Judges: Kassal
Filed Date: 5/8/1978
Status: Precedential
Modified Date: 10/19/2024
OPINION OF THE COURT
ISSUE
Shall a party be permitted to simultaneously pursue the disclosure devices of deposition and interrogatories against the same witness?
FACTS
Pursuant to defendant’s notice, the deposition of plaintiff was held on two days in October, 1977 and adjourned, pending completion of plaintiff’s production of certain documents. Thereafter, and before completion of that deposition, defendant served the interrogatories which are the subject of this motion.
DECISION
While the CPLR contains no express direction as to the order in which a party may employ various disclosure devices against his adversary (see, generally, Siegel, Practice Commentaries, McKinney’s Cons Laws of NY, Book 7B, CPLR 3101, C3101:2) it has become increasingly apparent to this court that the free and unlimited employment of such devices has led to such abuse in many instances as to far outweigh their beneficial attributes by way of true discovery. The same devices which, when properly employed, "advance the function of a trial to ascertain truth and to accelerate the dispositon of suits” (Rios v Donovan, 21 AD2d 409, 411), become oppressive when they tend to unnecessarily increase the cost of litigation and unduly delay the resolution of issues. In those cases, their use is perverted into instrumentalities of delay and their proper purpose becomes secondary and peripheral.
One discovery device, which has demonstrated very great potential for improper employment, is interrogatories. As stated by the Committee Comments to rule 33 in the Report of the Special Committee for the Study of Abuse, Section of Litigation American Bar Association, October, 1977: "no single rule was perceived by the Bar at large responding to the Committee’s questionnaire as engendering more discovery abuse than Rule 33 on interrogatories”.
I have proposed to the Judicial Conference for implementation that no party be permitted to use both the interrogatory device and depositions of the same witness, without leave of the court. While the adoption of such a general rule for all discovery is properly the subject of action by the Judicial Conference or Legislature, it is clear to the court that, absent exceptional circumstances, a party should not be permitted to employ both interrogatories and oral examination against another party simultaneously. (Katz v Posner, 23 AD2d 774; J & E Prods, v Lavenson, 49 AD2d 528.)
Here, the defendant initially elected to and did commence the deposition of plaintiff.

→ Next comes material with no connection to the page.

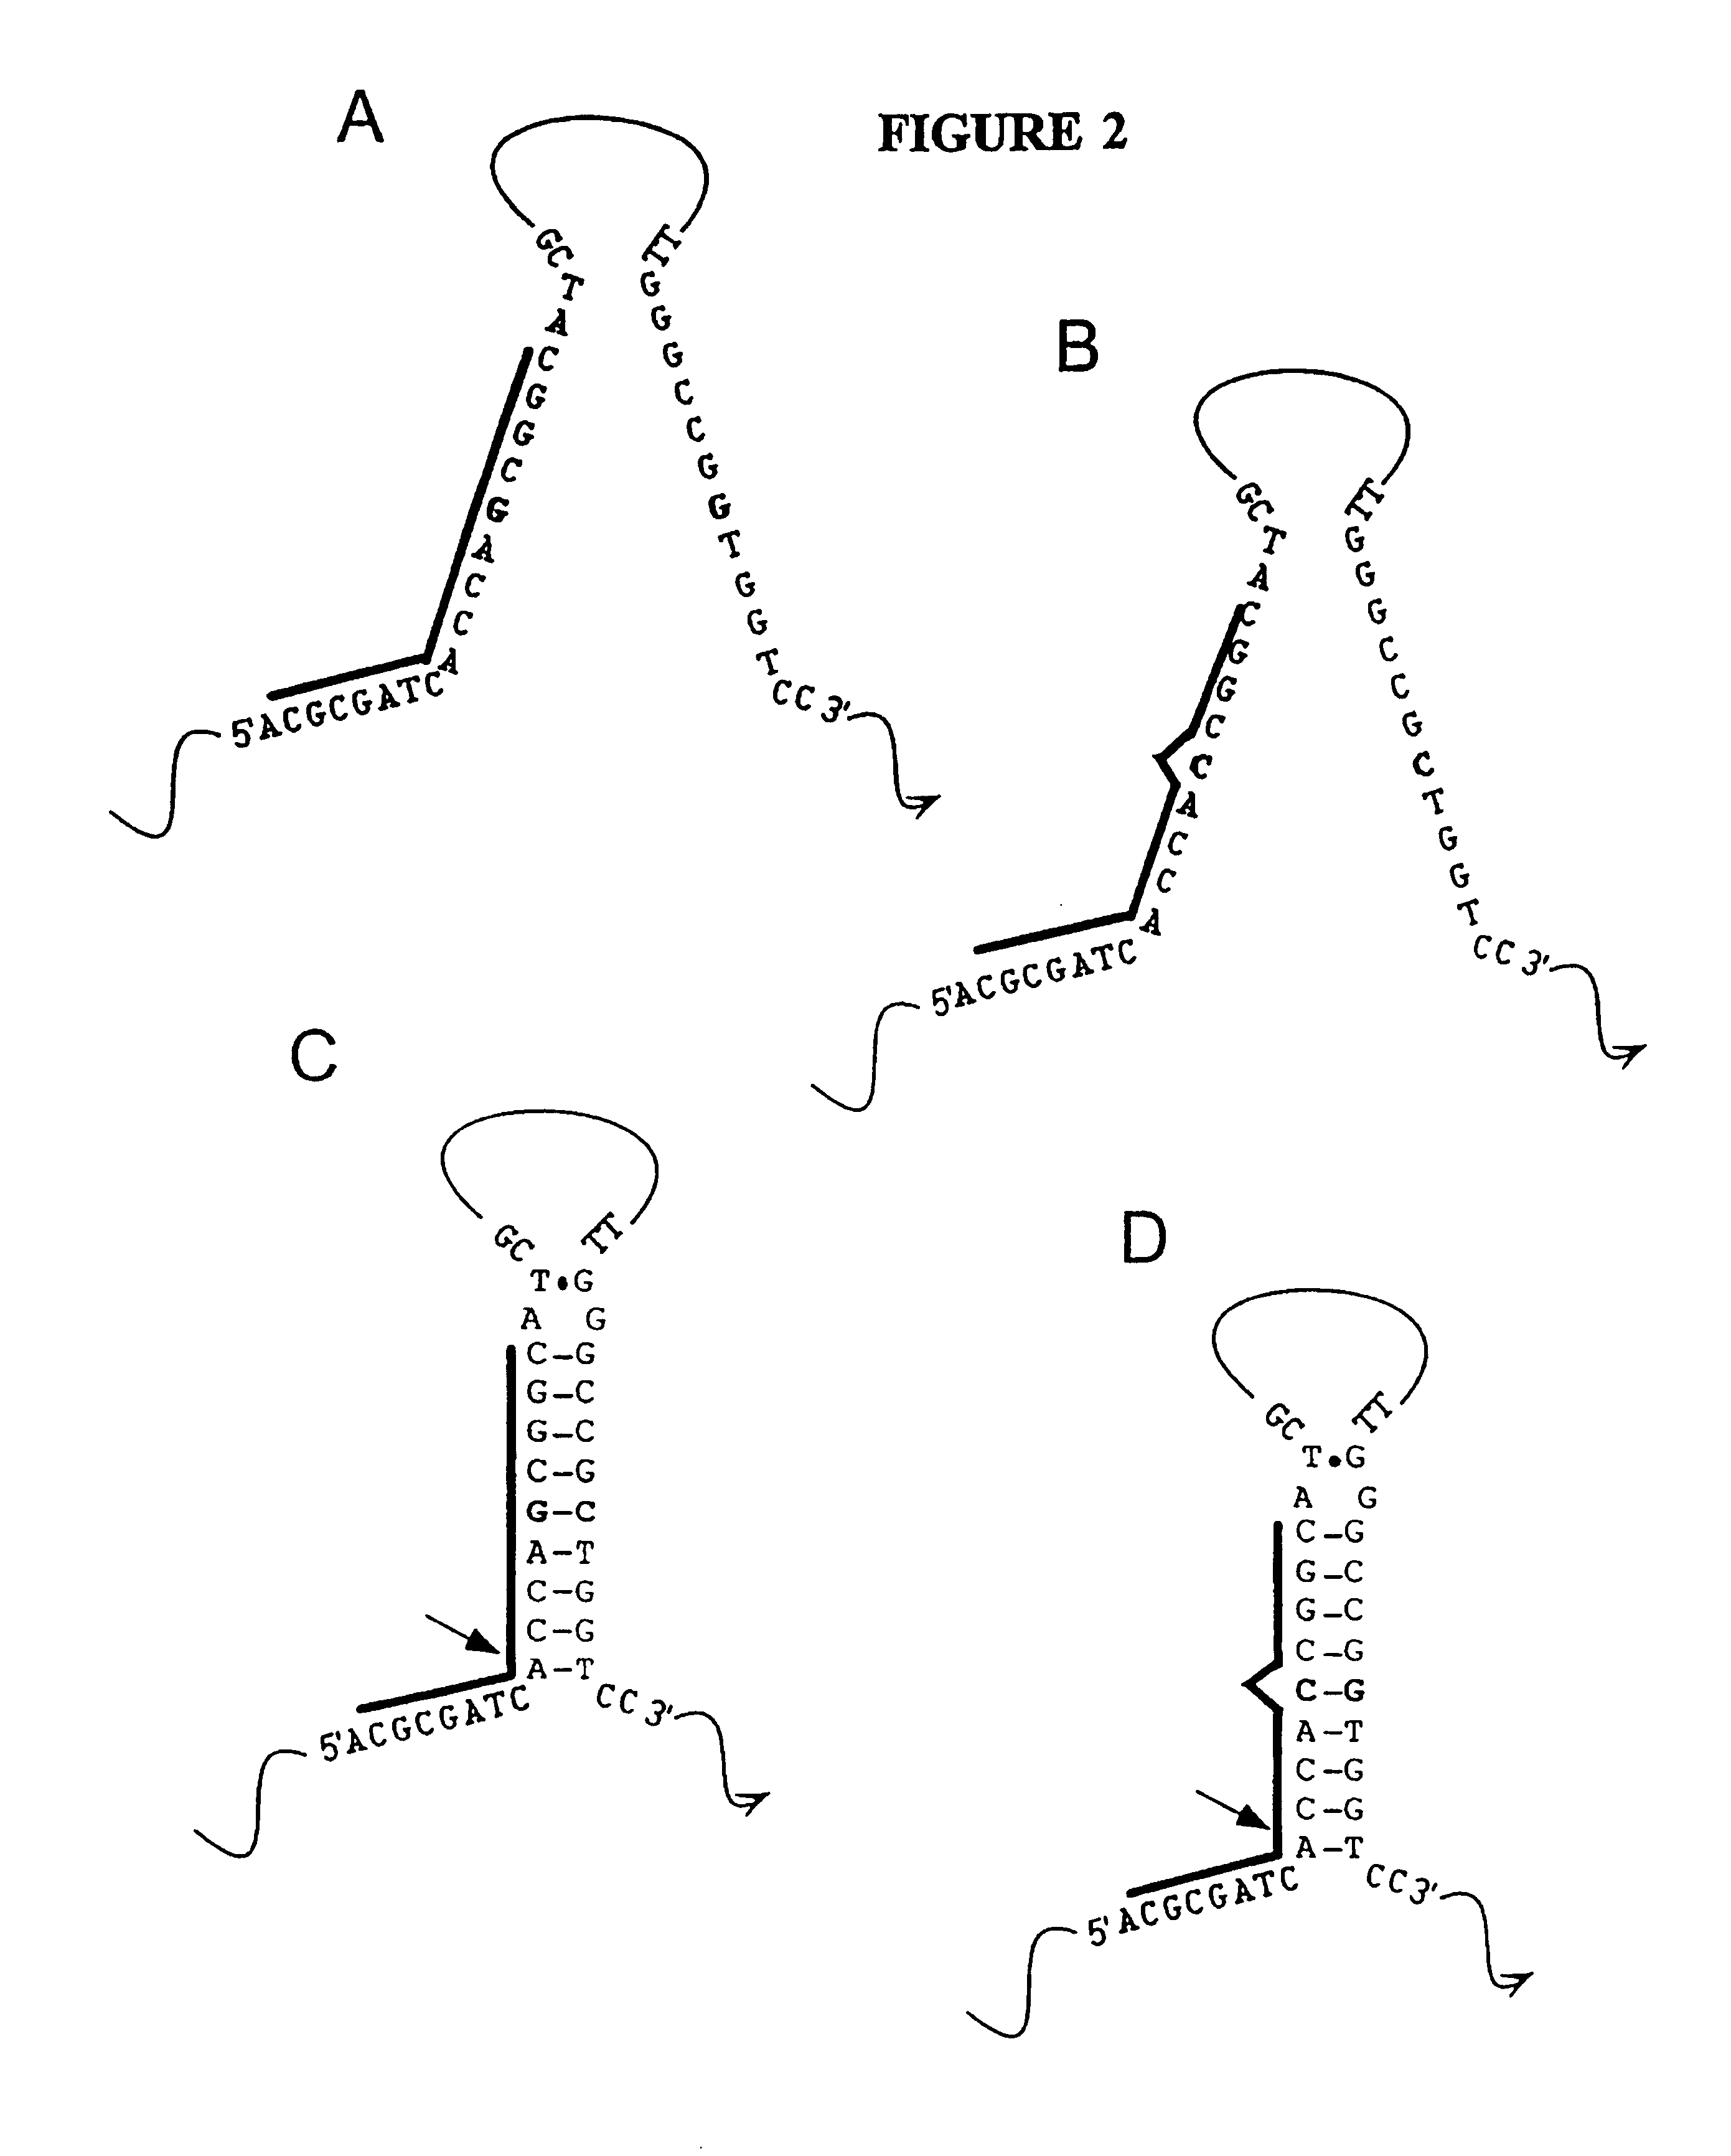 Nucleic acid accessible hybridization sites

Defendant should be required to complete such deposition before resorting to interrogatories, if still appropriate, and then only for the limited purpose of supplementation of discovery, not duplication.
Accordingly, the motion is granted to the extent only of striking the interrogatories dated January 6, 1978 without prejudice to service of interrogatories, if then appropriate, after the completion of the oral examination of the plaintiff and limited to material not covered or inadequately covered by plaintiff’s testimony at such examination. Since the parties appear unable to agree as to the arrangements for the deposition, and there are issues of privilege which have been raised with respect to the proposed interrogatories, the deposition shall resume at Special Term, Part II, of this court on June 1, 1978 at 10:00 a.m., and continue until completion. Any claims of privilege shall be referred to the Justice then presiding in Special Term, Part II.